• _Problem statement_
Please find the line that holds "Flach-/Kalender-Pack" below and reproduce it, along with every line after it through the end, exactly and without pictures.

• _Raw data_
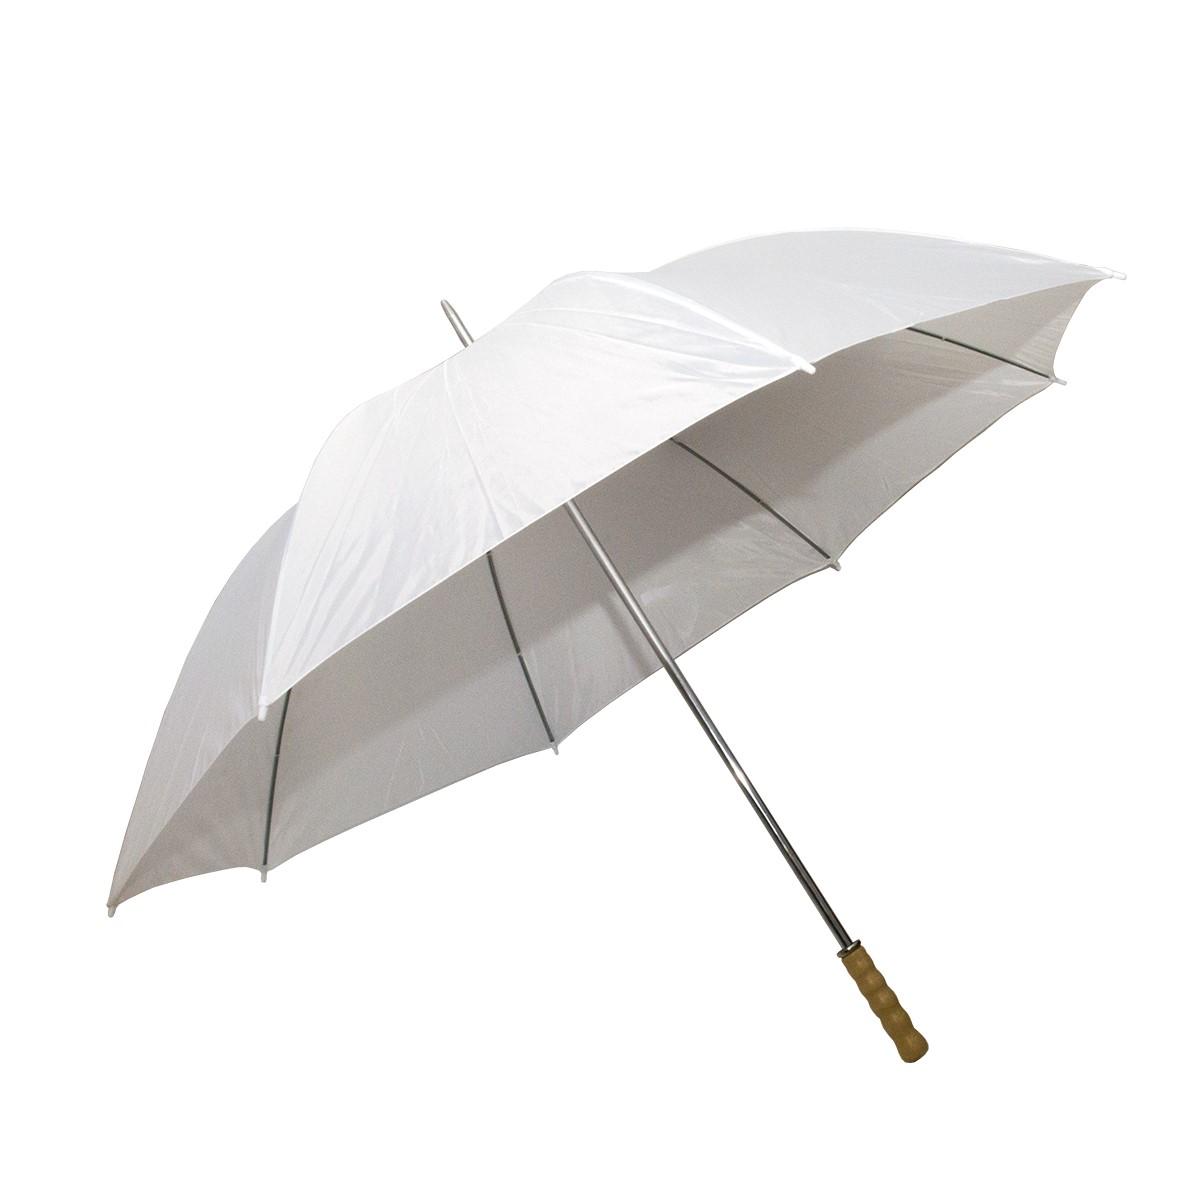 C06-0316 - Paraguas Manual con mango de Madera
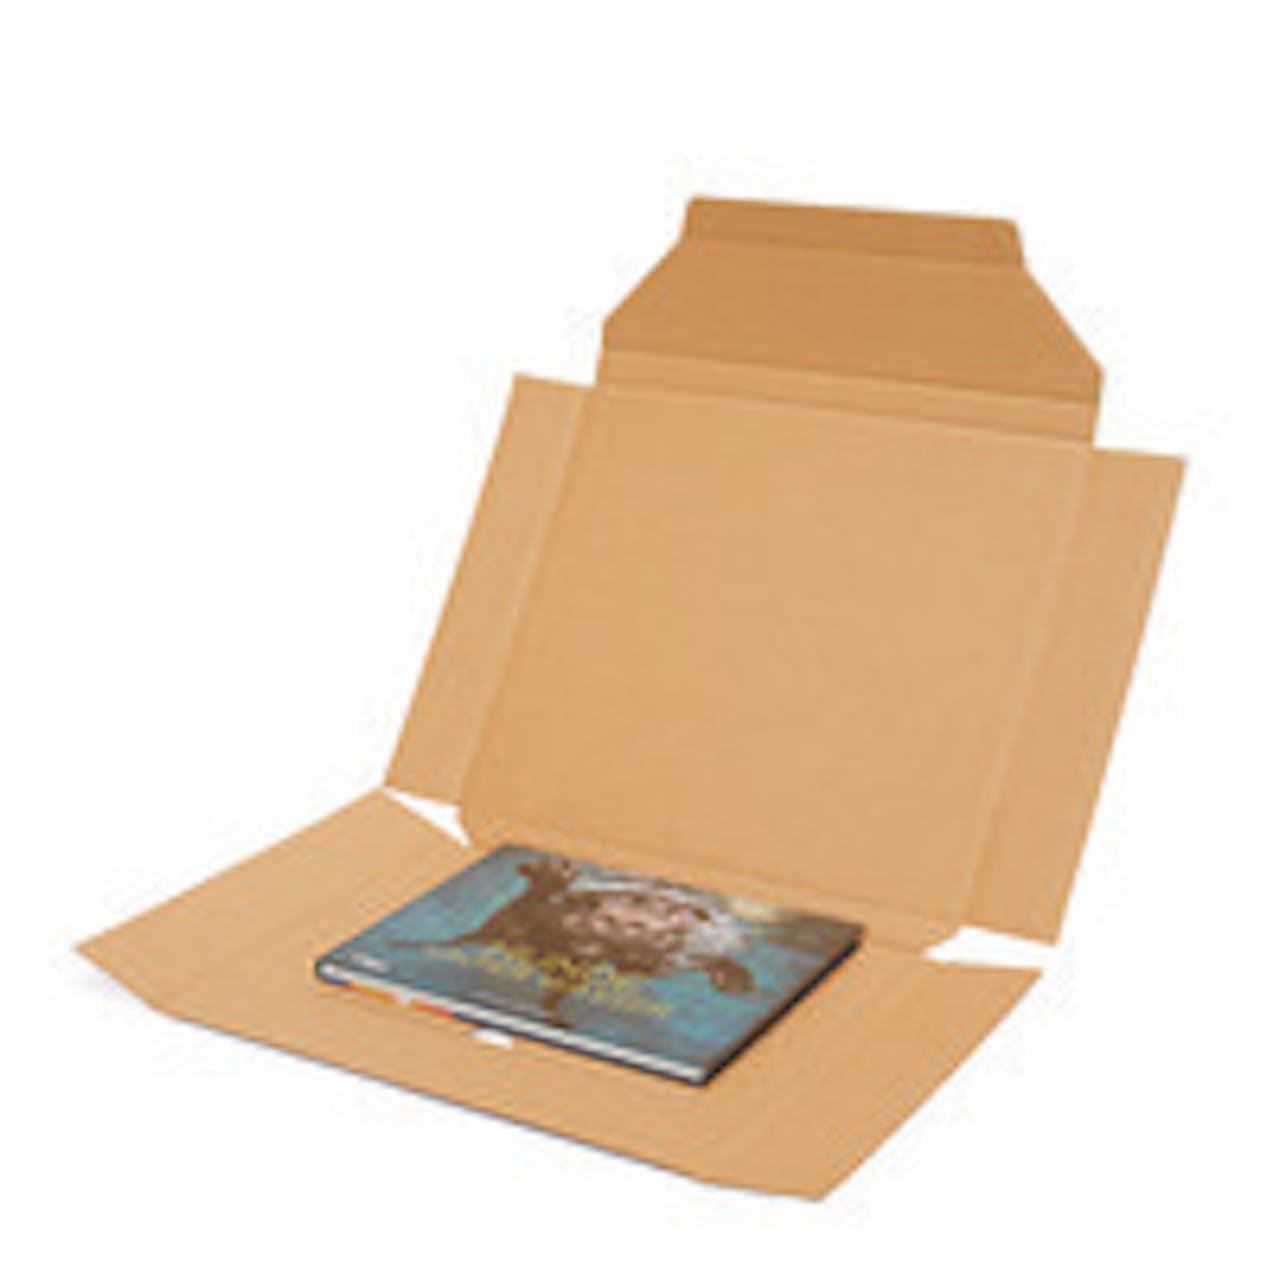 Flach-/Kalender-Pack
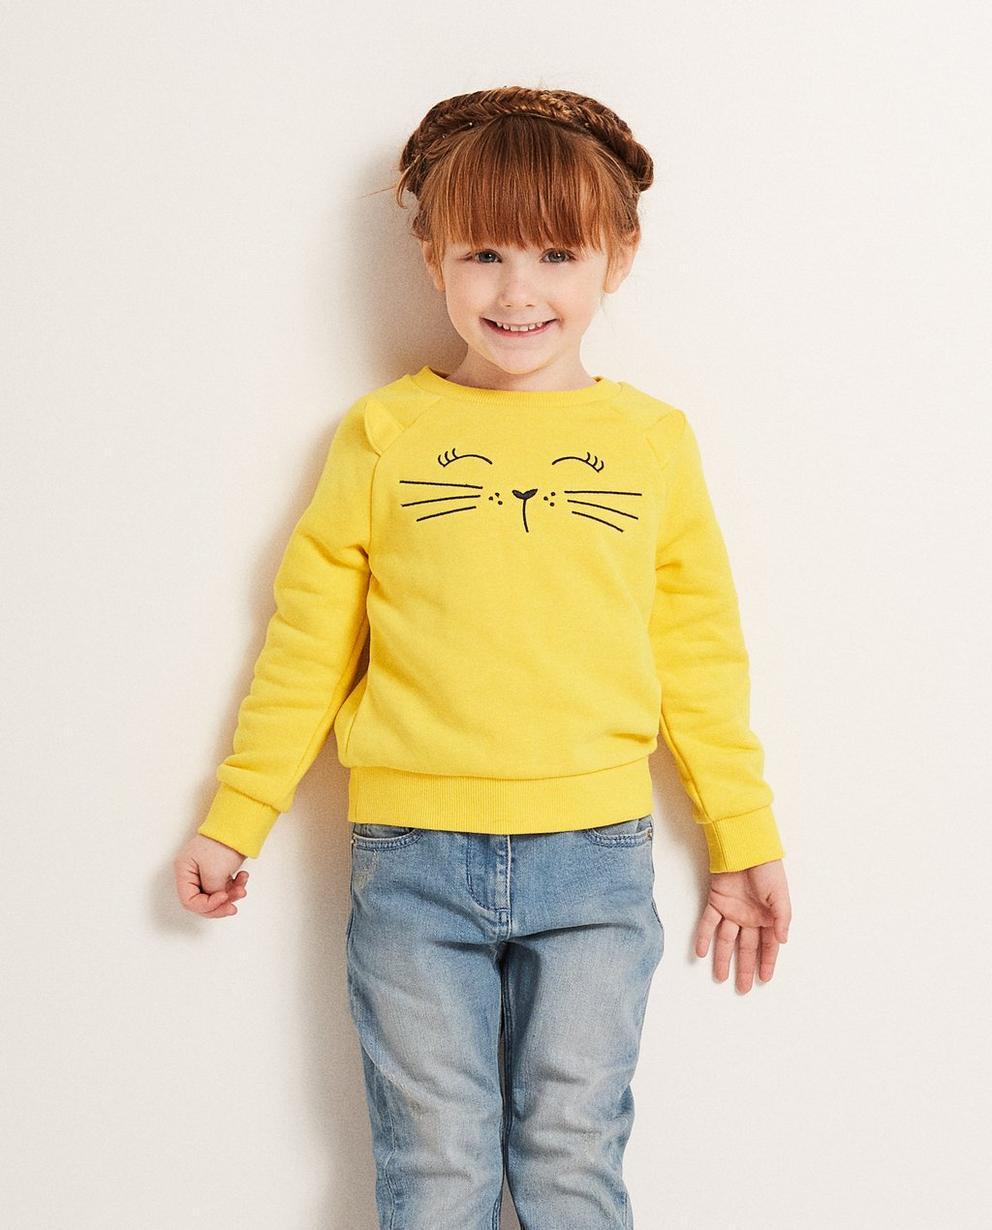 Sweater - Honig - Sweatshirt mit Katzenprint

• _Result below_
 Flach-/Kalender-Pack
 Sweater - Honig - Sweatshirt mit Katzenprint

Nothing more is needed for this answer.